▶ [About this task]
Pictures in the entries below are excluded; copy only the lines from the one containing "Member portrait of Harris Whittemore" to the one containing "Tennis ITF Tournaments", both included.

▶ [Provided records]
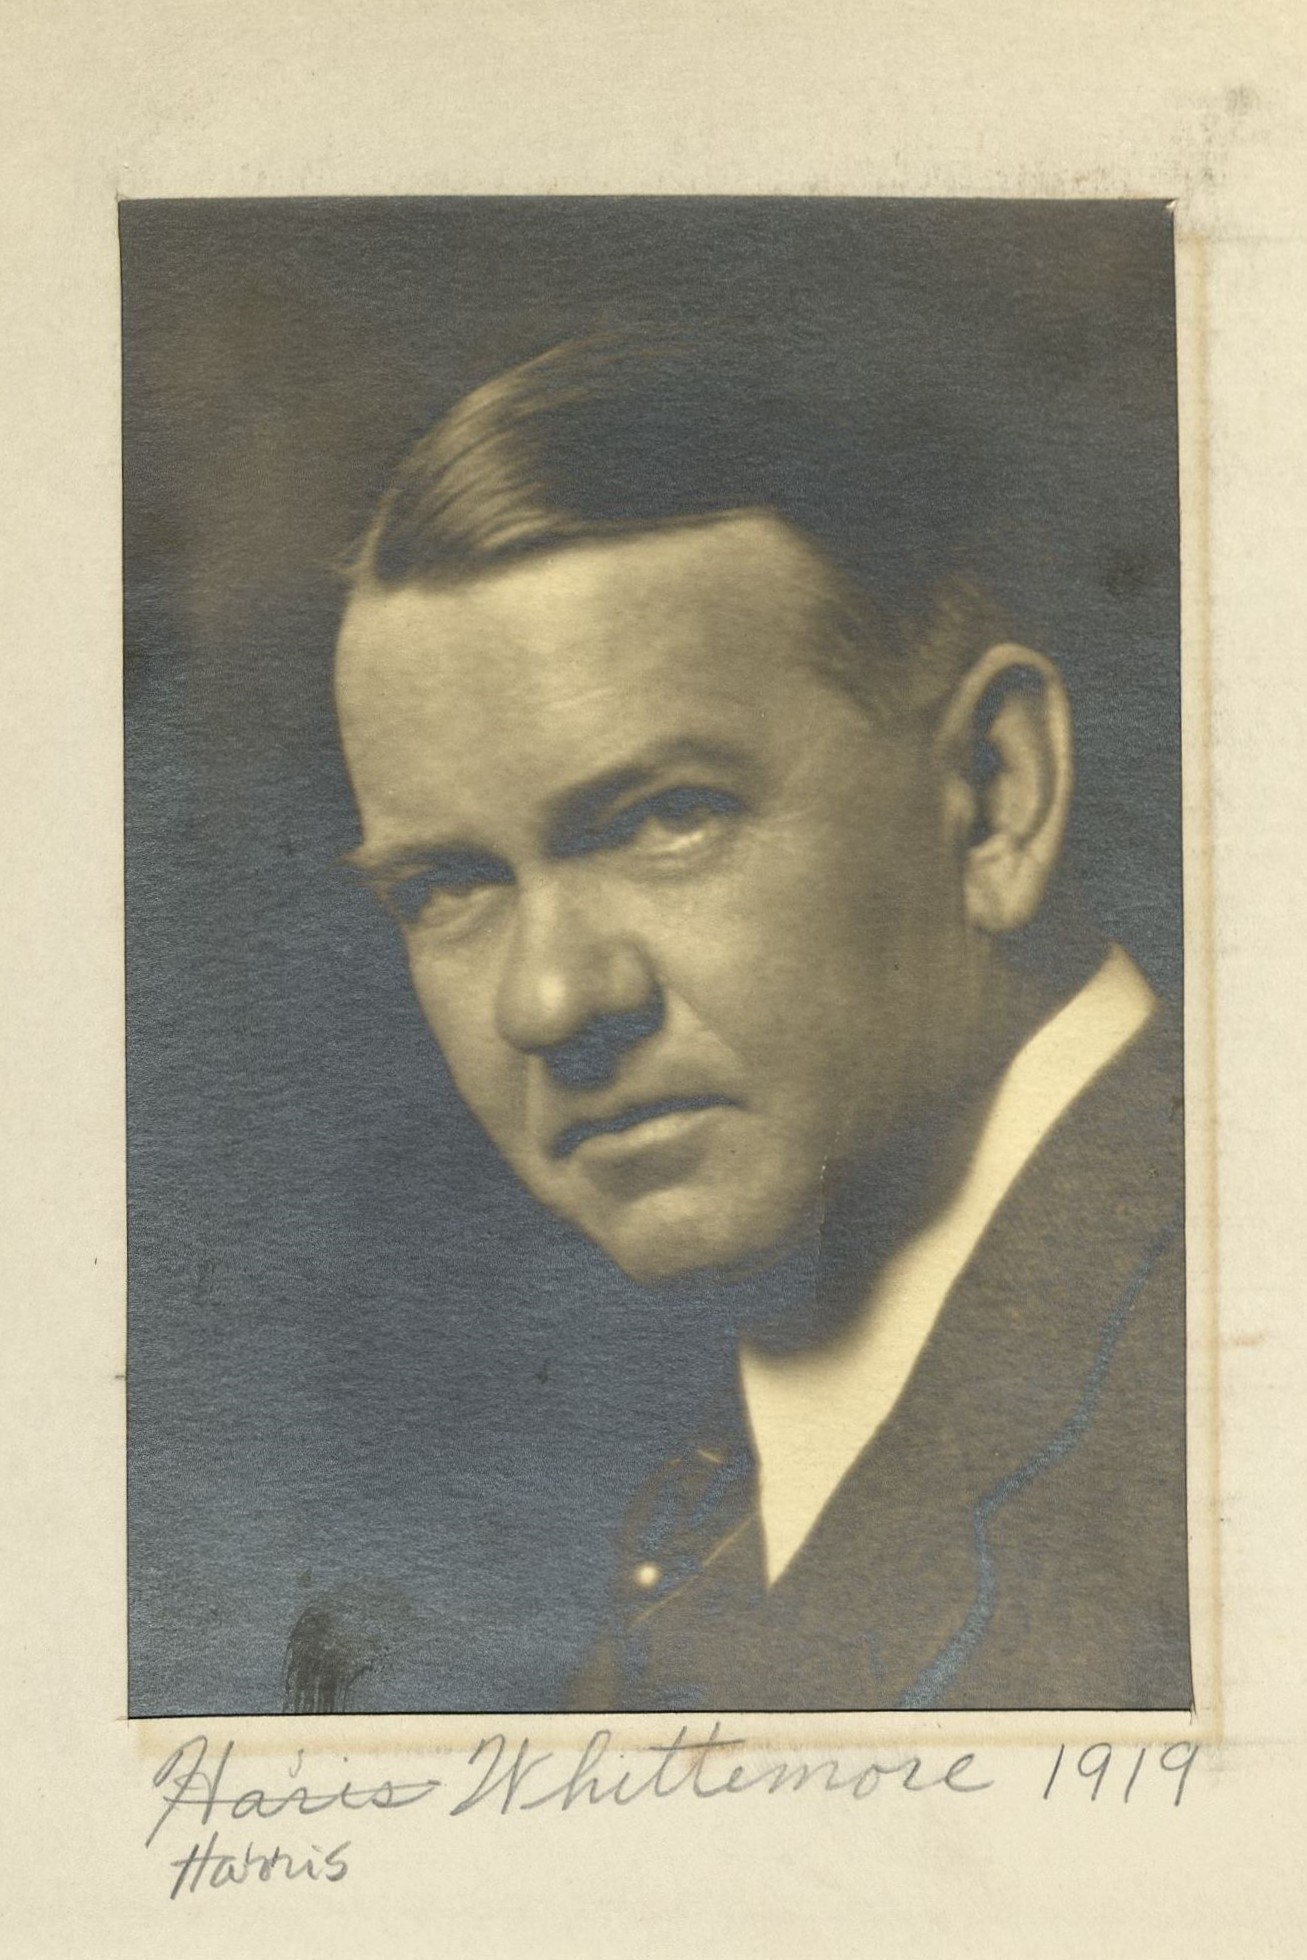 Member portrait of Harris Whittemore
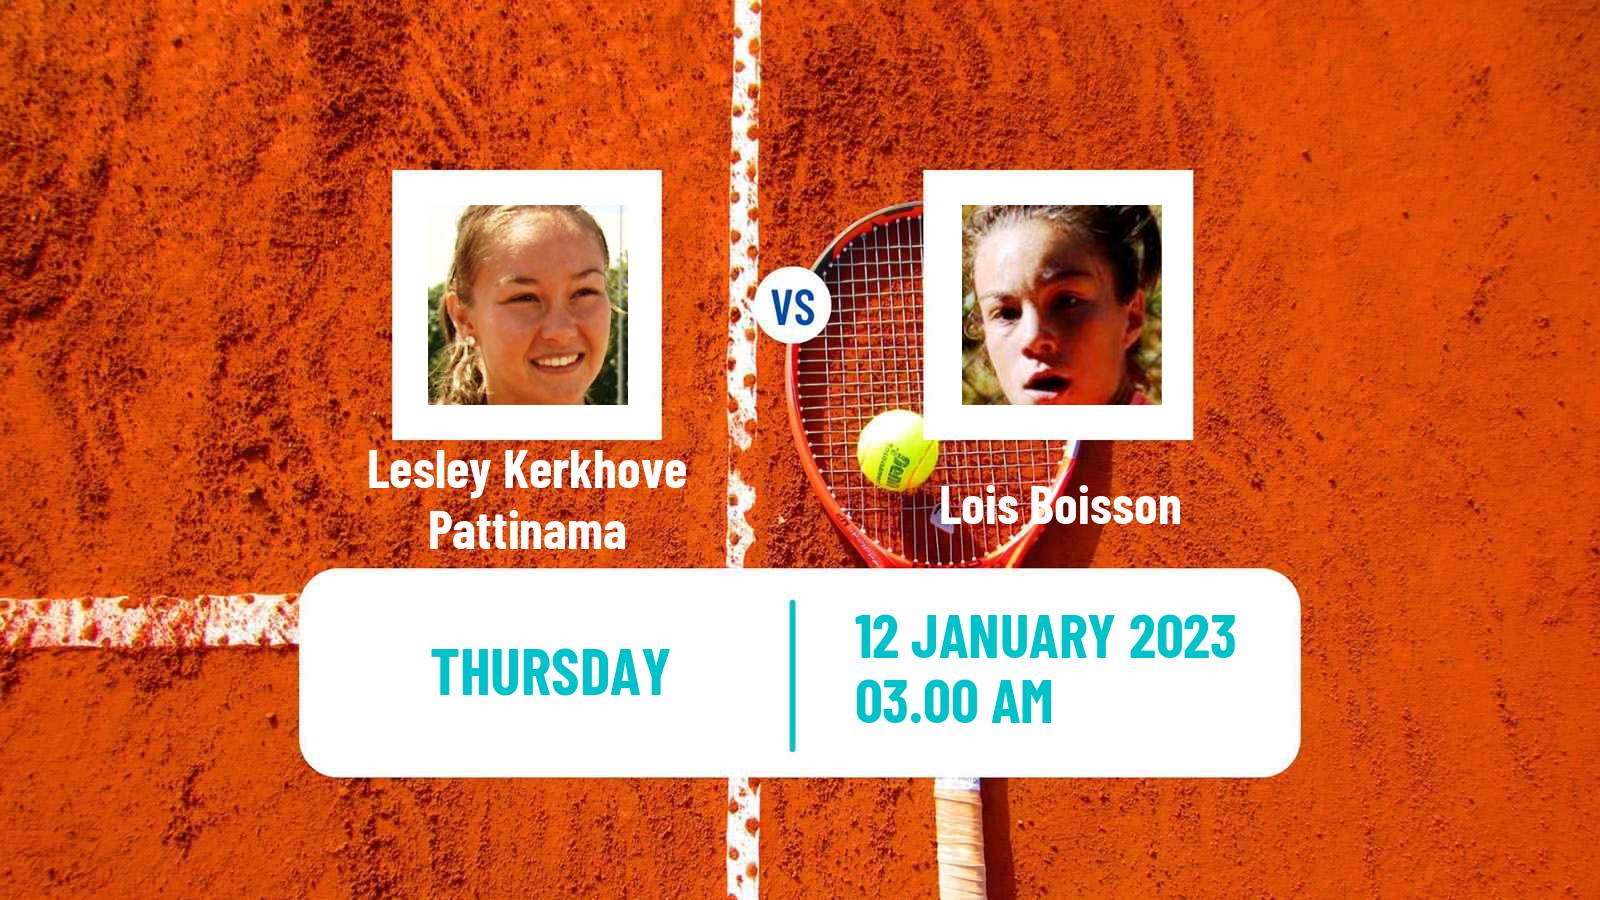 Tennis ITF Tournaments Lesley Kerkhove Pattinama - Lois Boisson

==

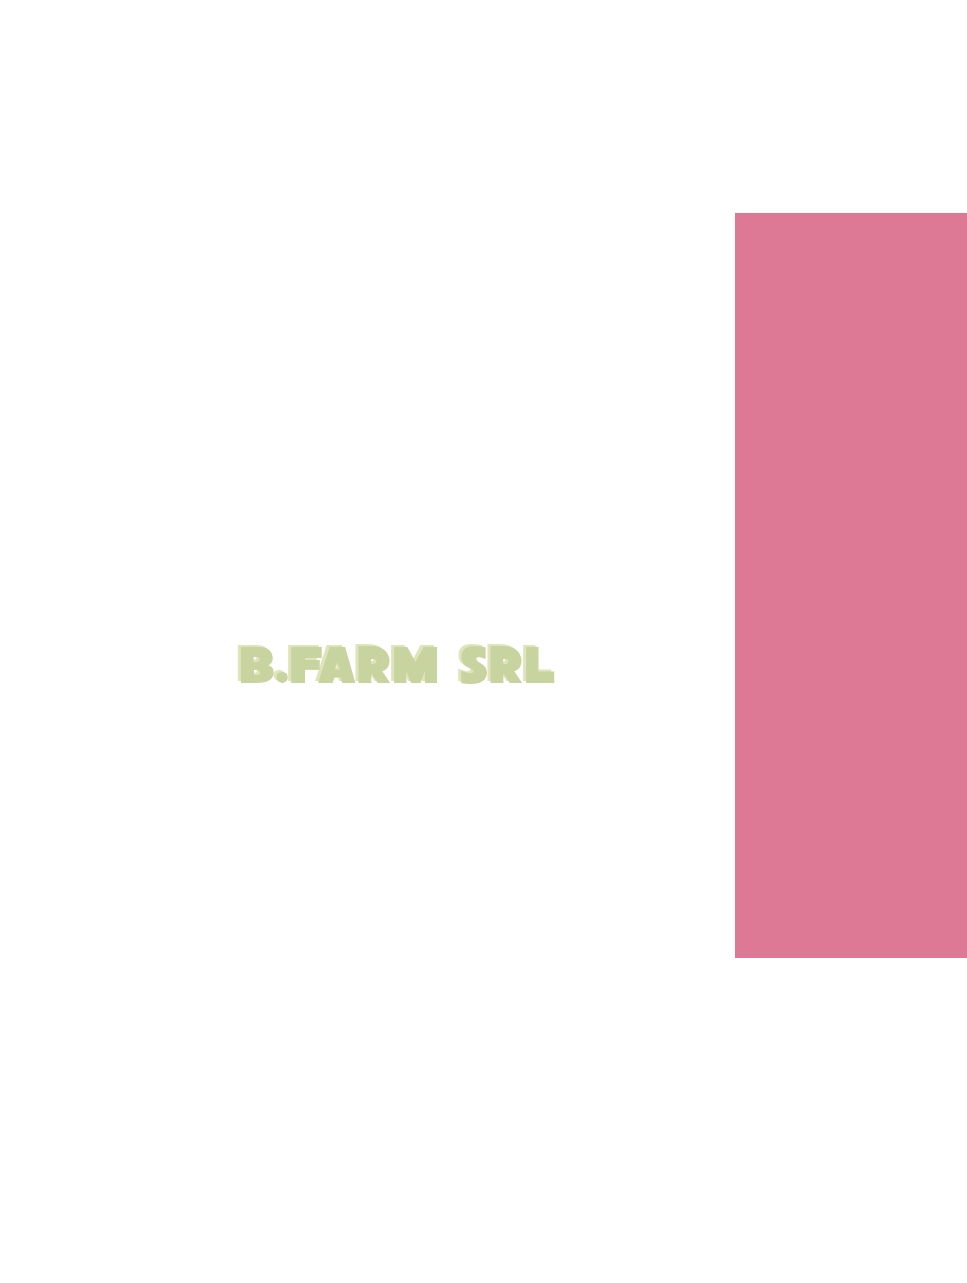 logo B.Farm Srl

==

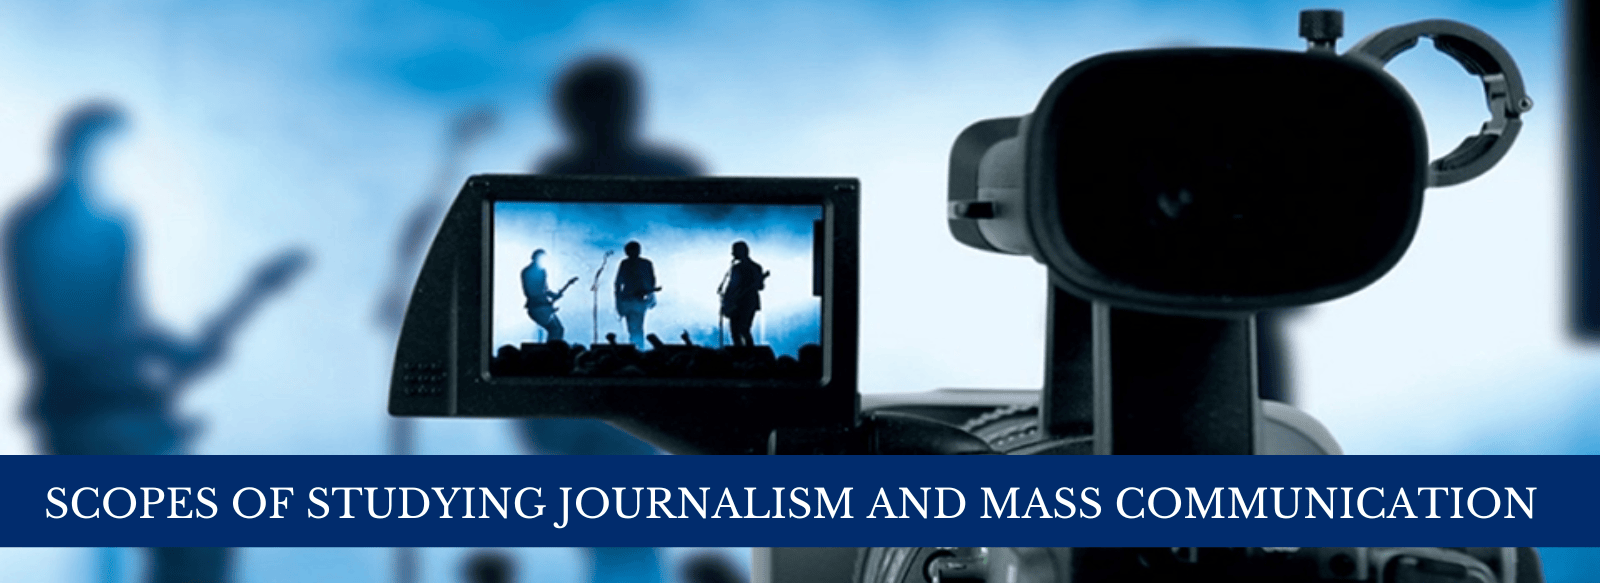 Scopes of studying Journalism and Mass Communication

▶ [Answer space]
 Member portrait of Harris Whittemore
 Tennis ITF Tournaments Lesley Kerkhove Pattinama - Lois Boisson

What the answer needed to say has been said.